# Problème de connexion avec Game Center



## gamer51 (27 Juillet 2012)

Bonjour à tous,

J'ai installé Mountain Lion le jour de sa sortie, tout s'est très bien déroulé. Depuis tout fonctionne correctement sauf Game Center qui inlassablement n'arrive pas à se connecter au serveur (voir capture d'écran). 
Je suis sur un MBA Mi-2011.
Est-ce que d'autres ont ce problème et si oui est-ce que vous savez comment le corriger ?

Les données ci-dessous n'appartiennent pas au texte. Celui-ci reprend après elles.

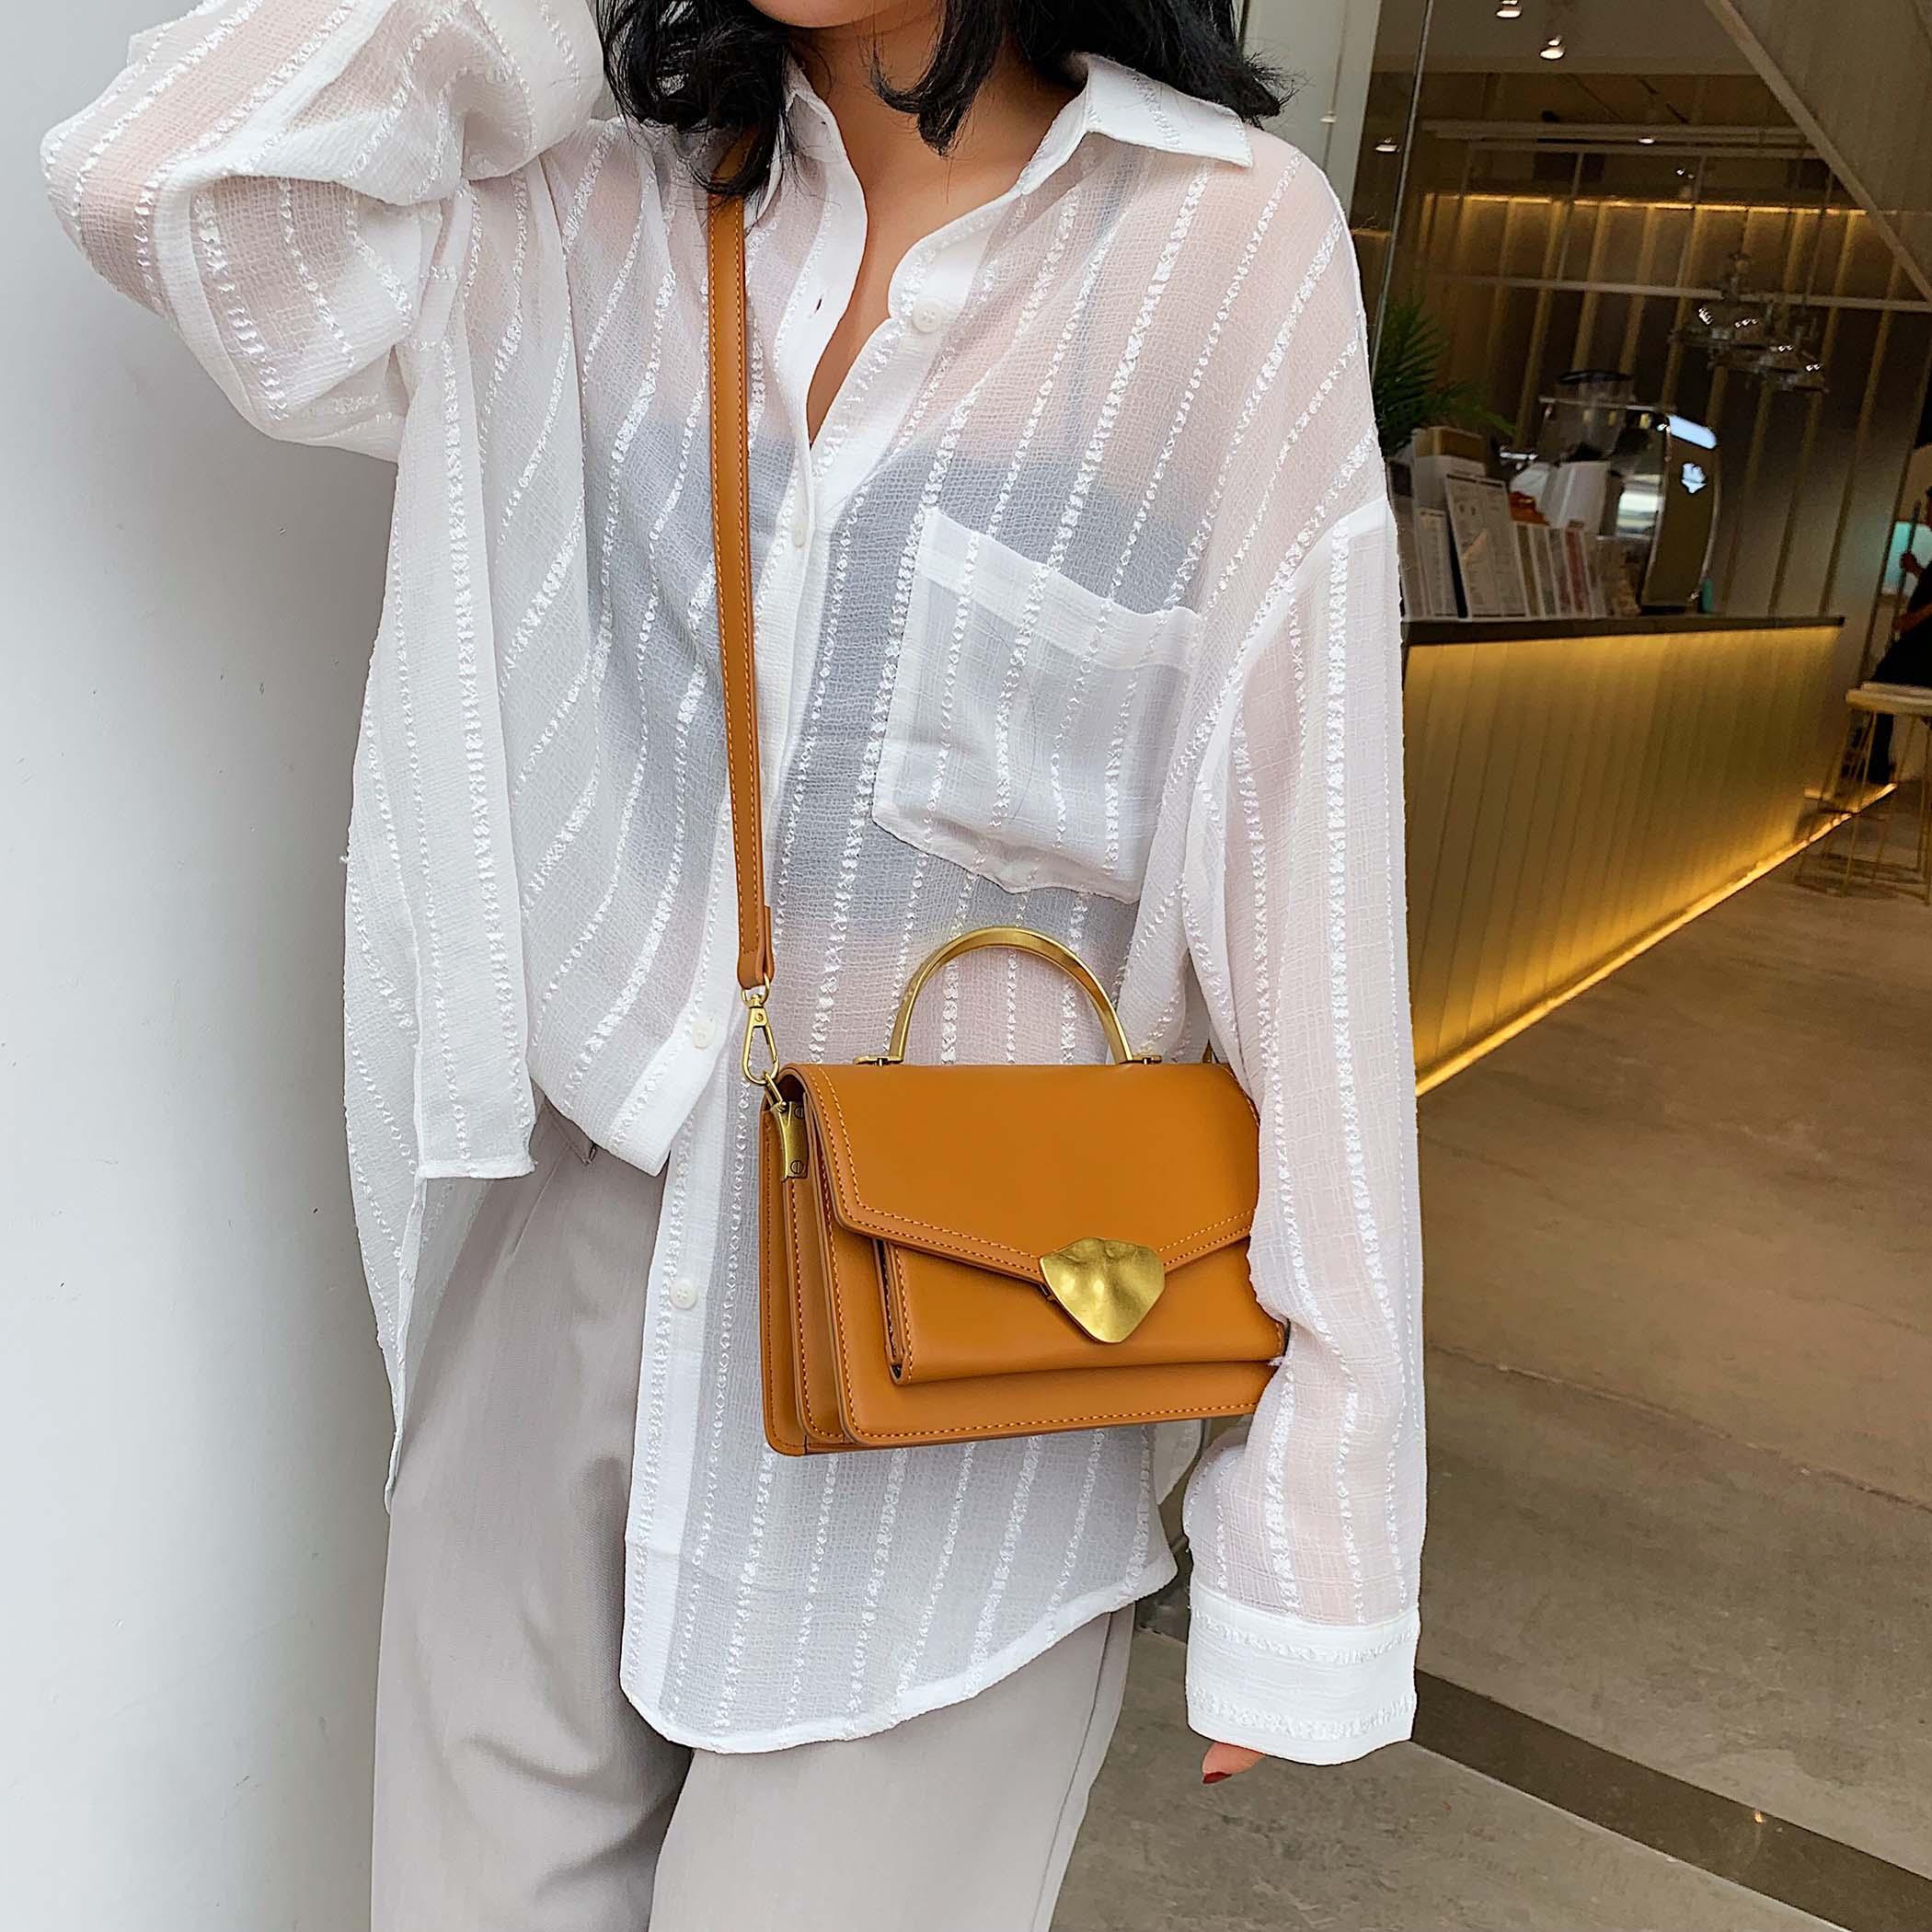 Image 4 - Simply Style PU Leather Crossbody Bags For Women Shoulder Messenger Bag Handbag Mini Tote Hand Bag With Metal Handle-in Shoulder Bags from Luggage & Bags

Merci d'avance pour vos réponses.


----------



## sebdeblp (28 Juillet 2012)

J'ai le même soucis, même après avoir désactivé little snitch au cas ou, et ce sur mes 2 macs. 
Il ne semble pas chercher à se connecter via le net.


----------



## Guiam (29 Juillet 2012)

Bonsoir même problème pour ma part...


----------



## snark (31 Juillet 2012)

Idem pour moi! Même message que gamer51.


----------



## vocinglero (1 Août 2012)

Salut,

Si vous avez modifié votre fichier /etc/hosts, il semblerait que le problème vienne de là. Il suffit de : 

Faire un backup de votre fichier /etc/hosts
Renommer /etc/hosts~orig en /etc/hosts
Se connecter à Game Center
Remettre votre fichier /etc/hosts comme avant

Cette solution est un peu bizarre, il n'y a pas de raison que les éléments ajoutés dans votre fichier hosts entrent en conflit avec Game Center, mais en tout cas ça a marché pour moi


----------



## Guiam (2 Août 2012)

Désole vocinglero mais peut tu détailler un peu plus la procédure?


----------



## Dthibault (3 Août 2012)

En gros, il veut dire que pour les personnes ayant le plus souvent jailbreaké leur téléphone ou installé une version illégal d'Adobe CS5 ou CS6, il faut remettre en place son fichier hosts qui se trouve dans le dossier /etc. Donc /etc/hosts


----------



## sebdeblp (3 Août 2012)

Bien vu, c'était effectivement en rapport avec les lignes du fichier hosts relatives à Adobe...

Il suffit donc de supprimer les dites lignes. Ce serait interessant de savoir quelle est la ligne responsable de tout ça par contre ;-)


----------